Uniswap restricts access to tokens in the midst of “evolving regulatory landscape”

  • Uniswap Labs delists a number of tokens from the Uniswap trading platform as the regulatory heat turns up.
  • UNI and other DeFi tokens have not reacted to the news and are still recording gains driven by the wider market.

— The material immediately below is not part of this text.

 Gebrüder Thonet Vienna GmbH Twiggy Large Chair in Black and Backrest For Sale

Uniswap Labs (UL) has announced restricting access to various tokens on the largest Ethereum-based decentralized exchange, Uniswap. According to the Brooklyn-based company, the move was necessary for “creating a better” financial system for all. The decision was implemented after assessing the “evolving regulatory landscape” and what other “DeFi interfaces” have been doing.

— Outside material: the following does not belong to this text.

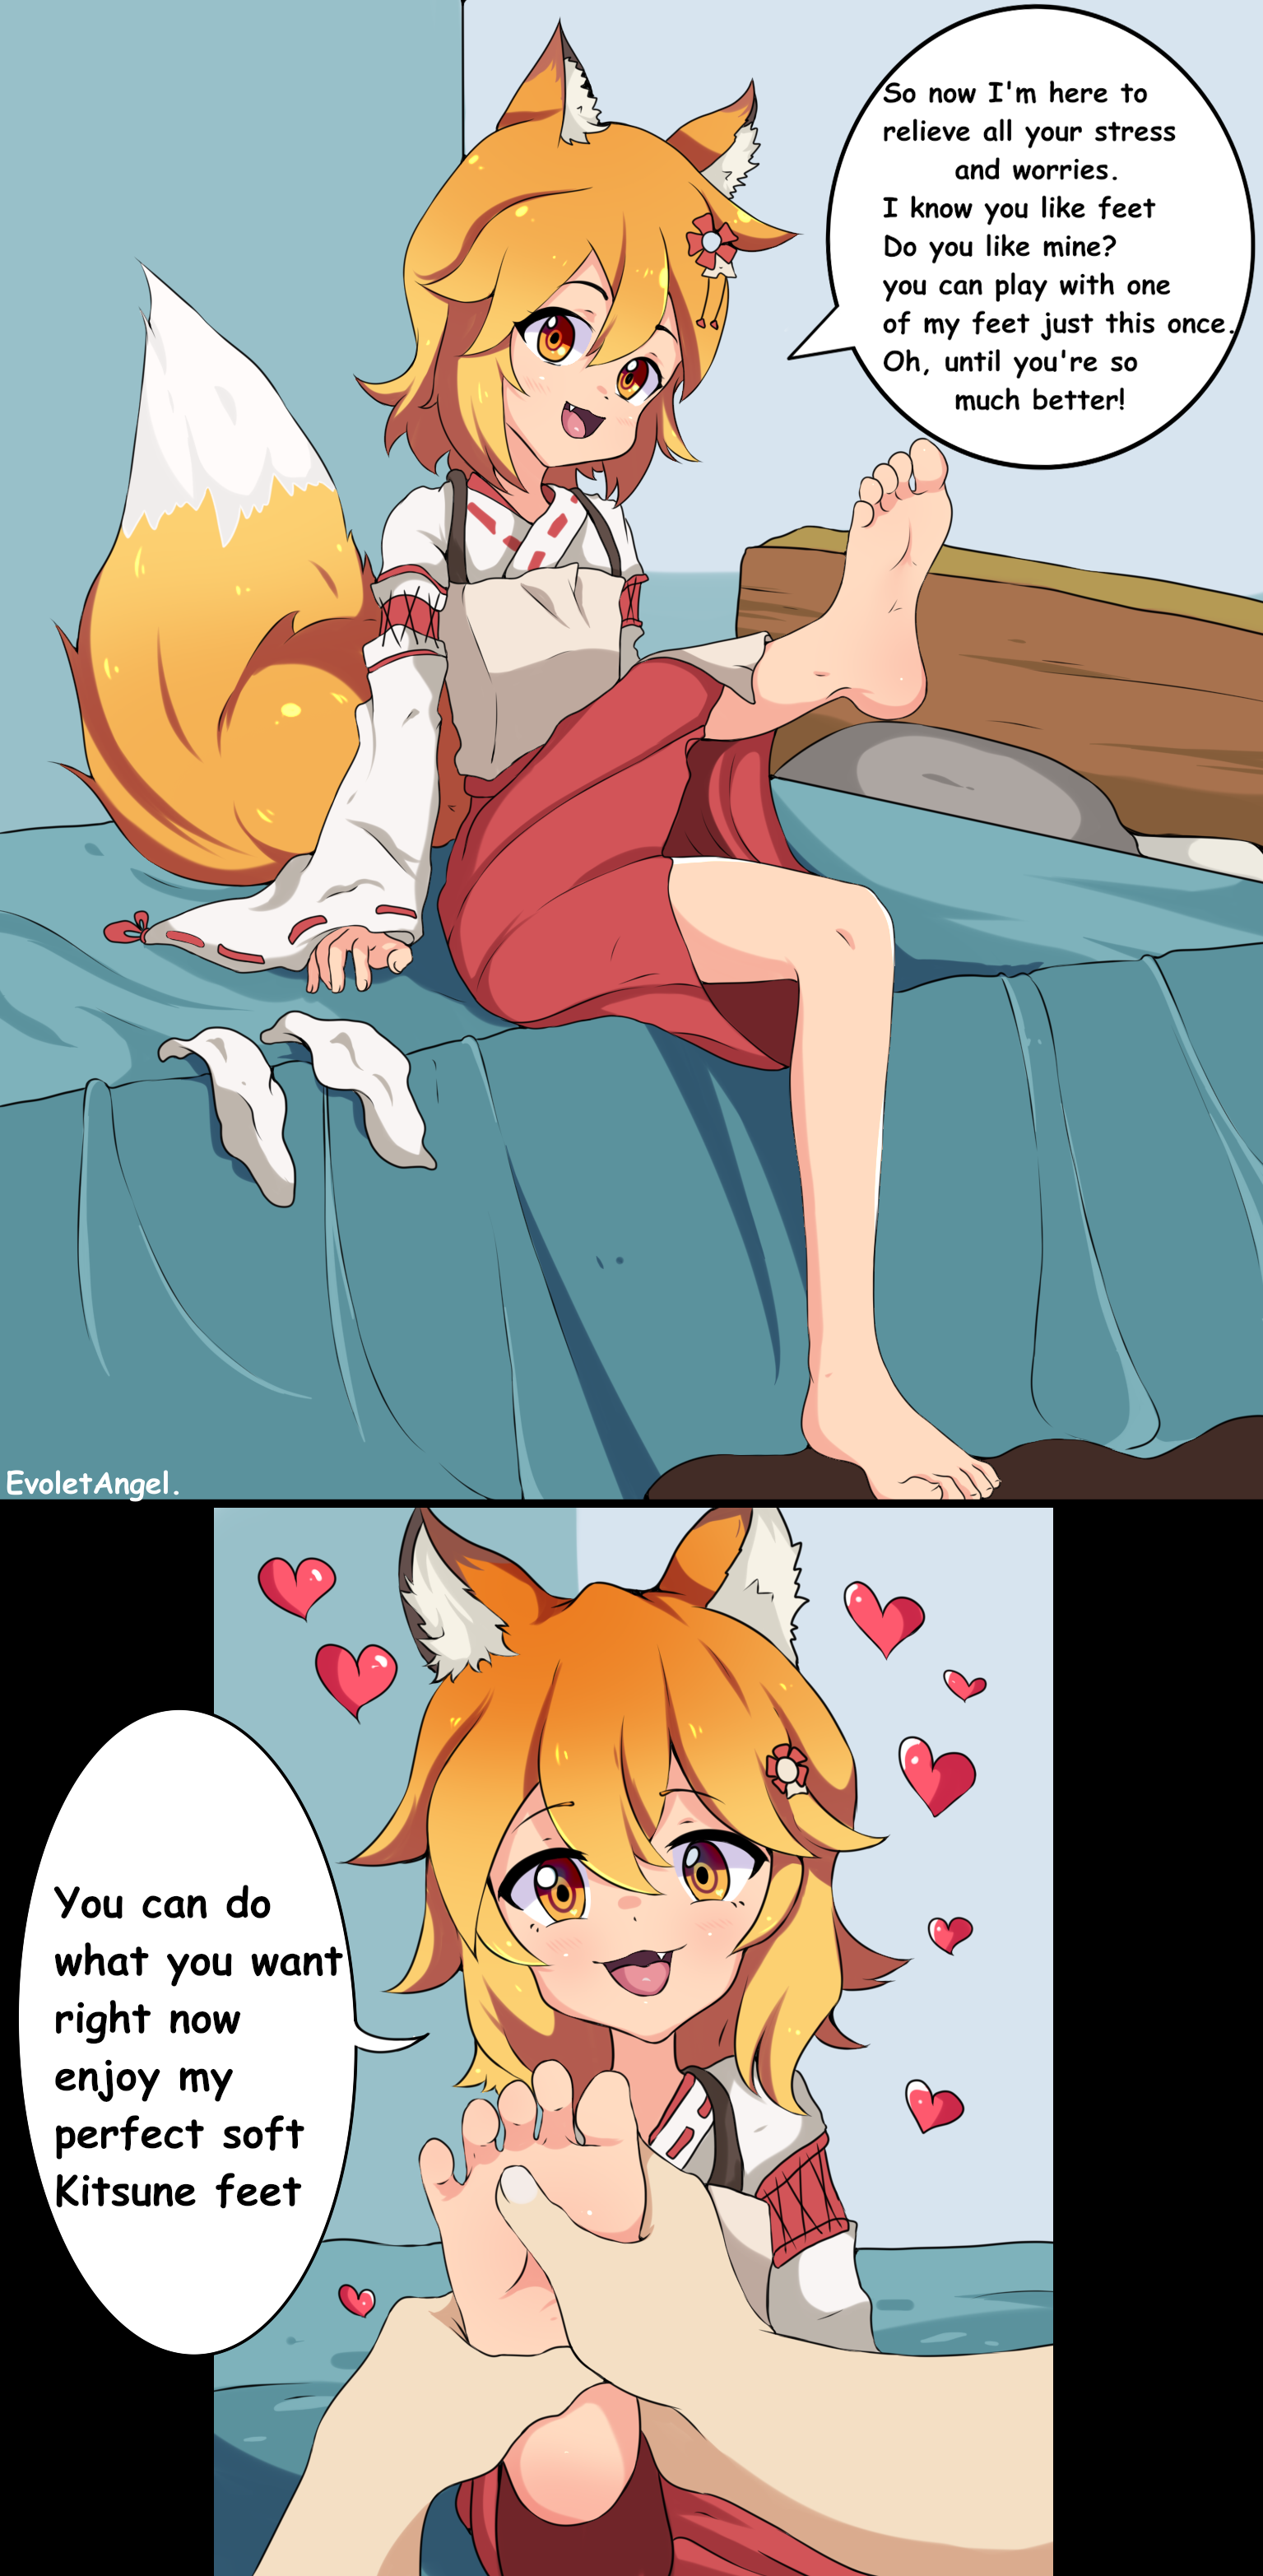 A day with a Kitsune.

Uniswap Labs delisted coins

Notably, UL claims that delisted tokens account for a “very small portion of overall” trading volume on the platform. The affected tokens include Gold Tether (XAUt), Grump Cat (GRUMPY), iAAVE, iADA, iBNB, sAPPL, sCOIN, and many more. These tokens are related to securities and tokenized stocks from crypto derivative platforms such as Synthetix.

Nevertheless, the software studio clarified that Uniswap Interface, Uniswap Protocol, the open-source GPL code, and the domain app.uniswap.org are all separate.

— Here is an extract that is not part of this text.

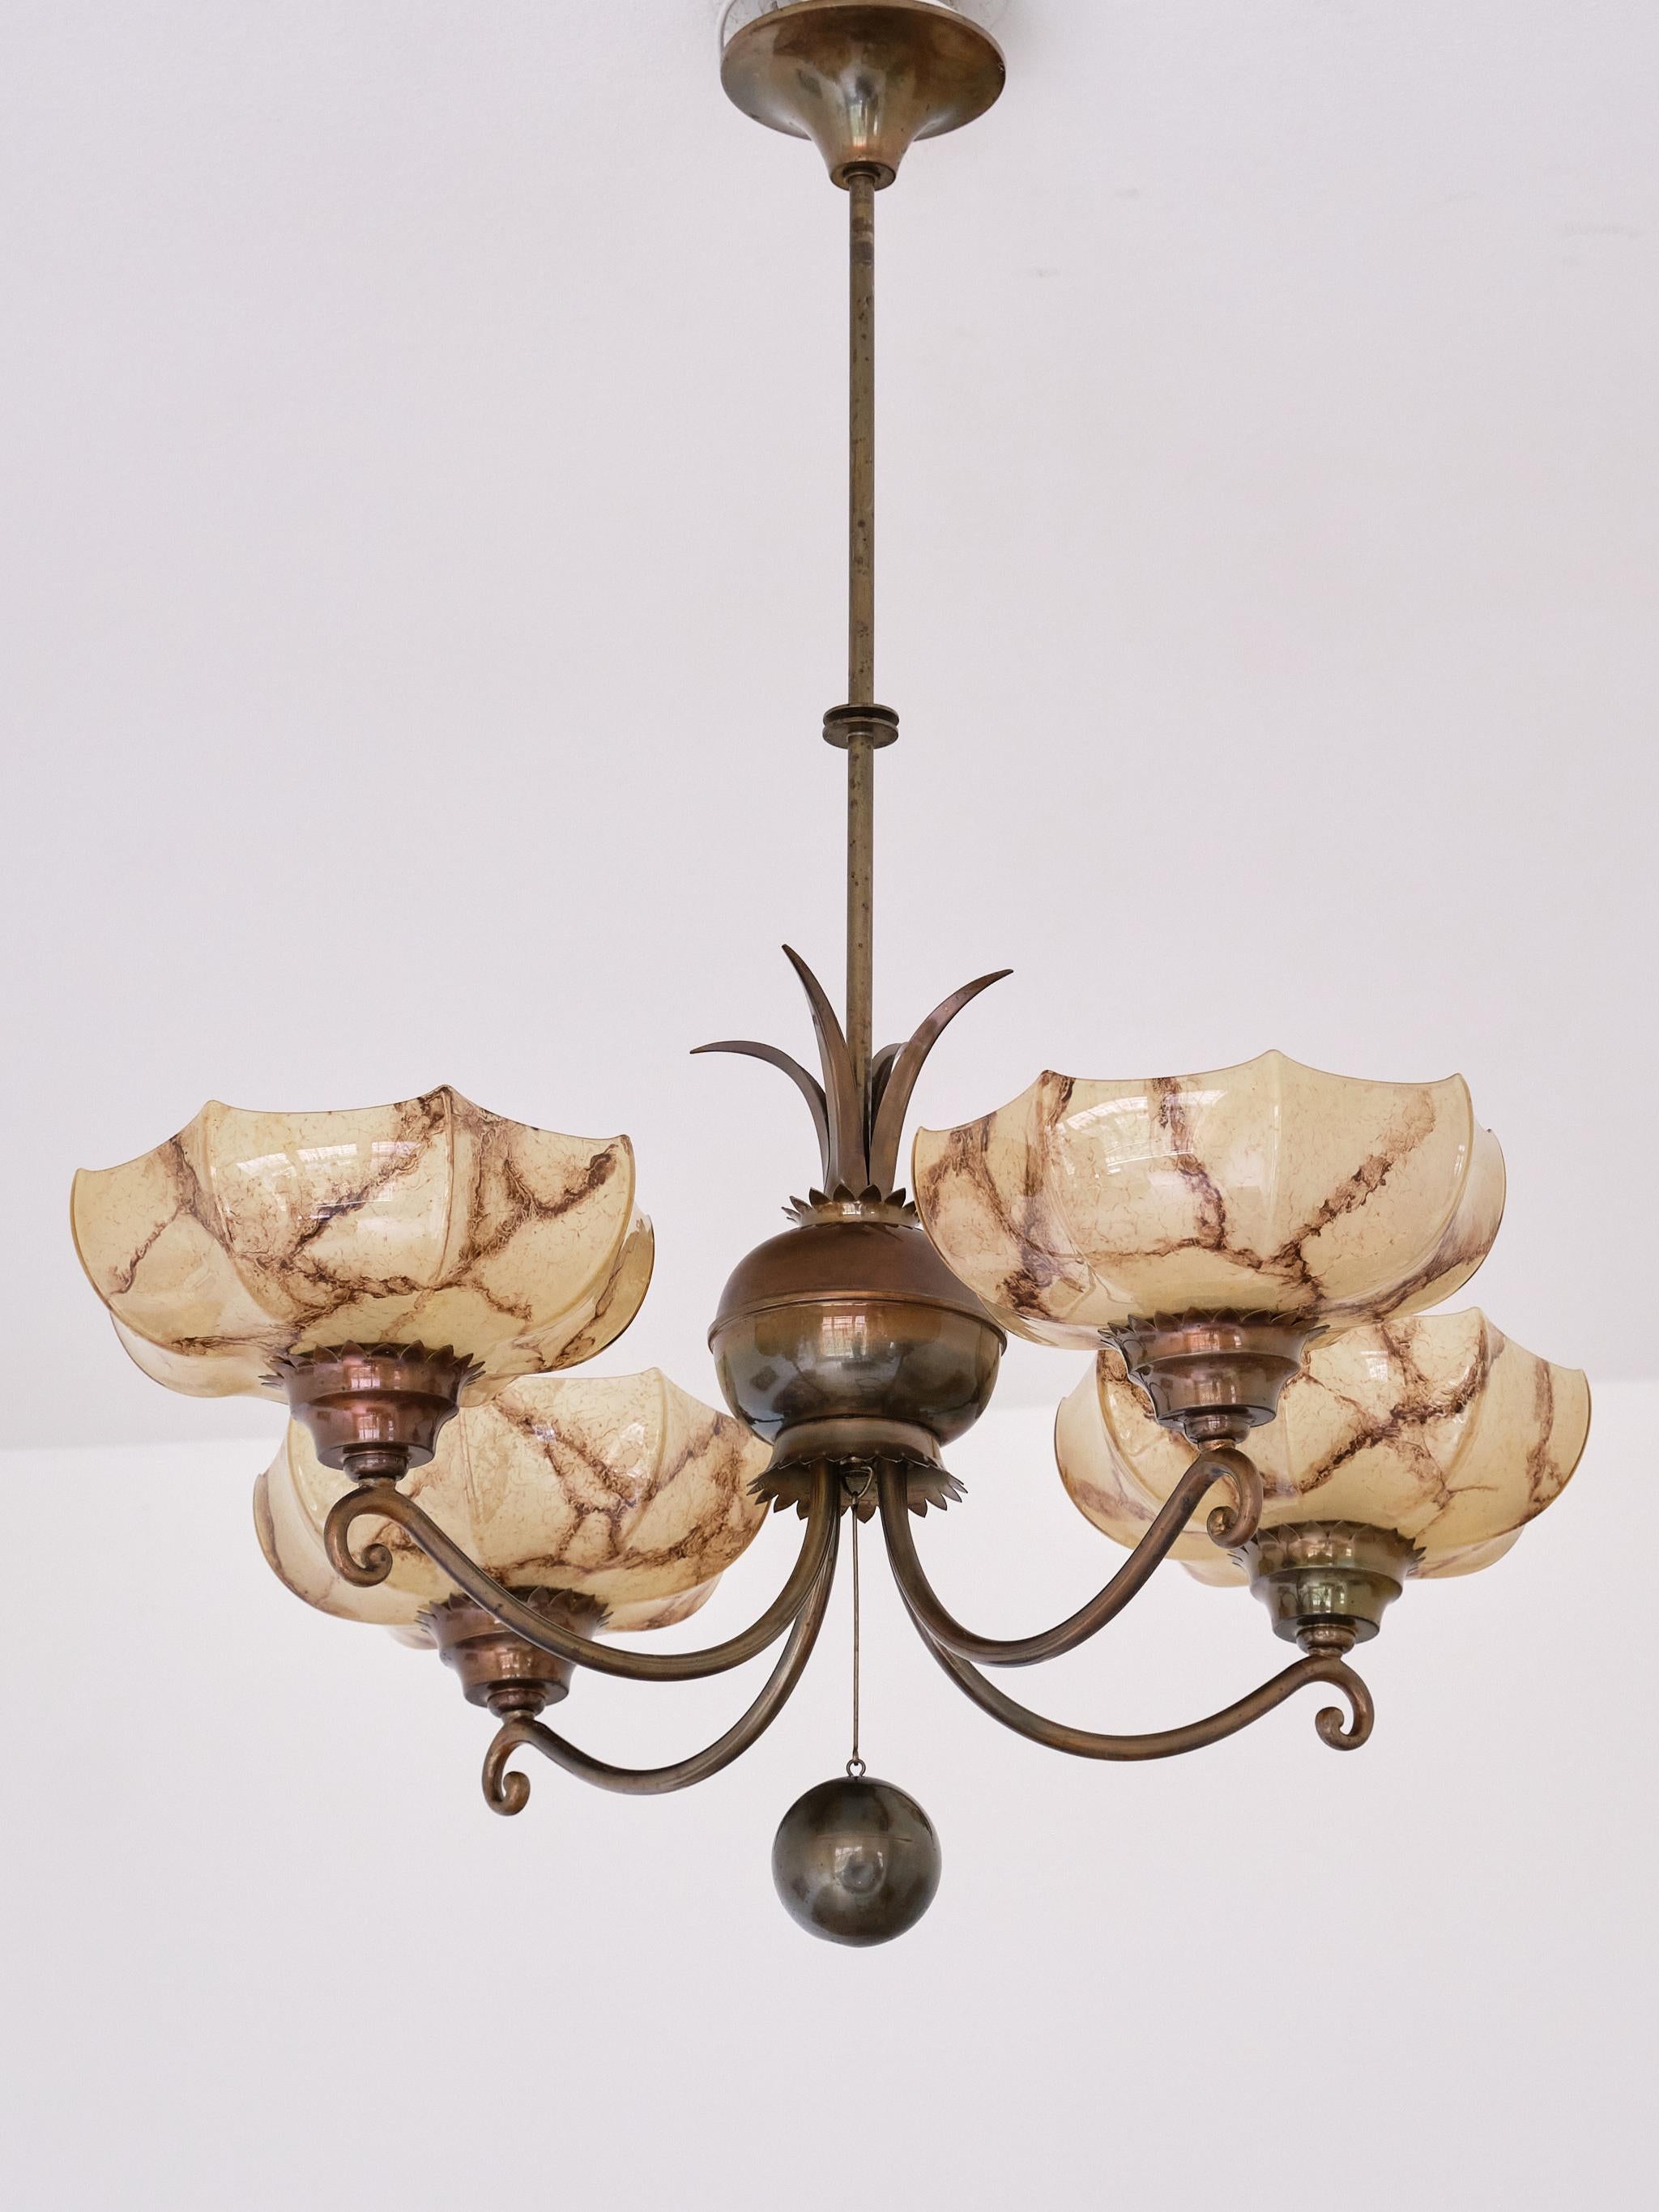 Harald Notini Chandelier in Brass and Marbled Glass, Böhlmarks, Sweden, 1927 For Sale 1

The protocol’s developer Hayden Adams also reiterated the same via his Twitter after receiving great criticism for their decision. He added that decentralization “doesn’t mean UL lets you do whatever you want on its website.”

Regulatory crackdown

Aave’s founder, Stanislav Kulechov, commented on UL’s actions saying “DeFi front-ends should” be hosted on the InterPlanetary File System (IPFS). This will make them “less dependent on the founding team” besides maintaining their decentralization.

More so, Kulechov proposed a Bring-Your-Own-Front-End (BYOF) solution. Through it, users can download the software and access the protocol on their devices.

However, Gabriel Shapiro of Delphi Labs, said that anyone forking the Uniswap front-end may be faced with a lawsuit. He added that UL, “like DMCA (Digital Millennium Copyright Act), can takedown requests. Shapiro has earlier addressed rumors of UL and other DeFi projects being subpoenaed by the Securities and Exchange Commission (SEC). He did not completely disregard them but said that they should be ‘taken with a grain of salt.’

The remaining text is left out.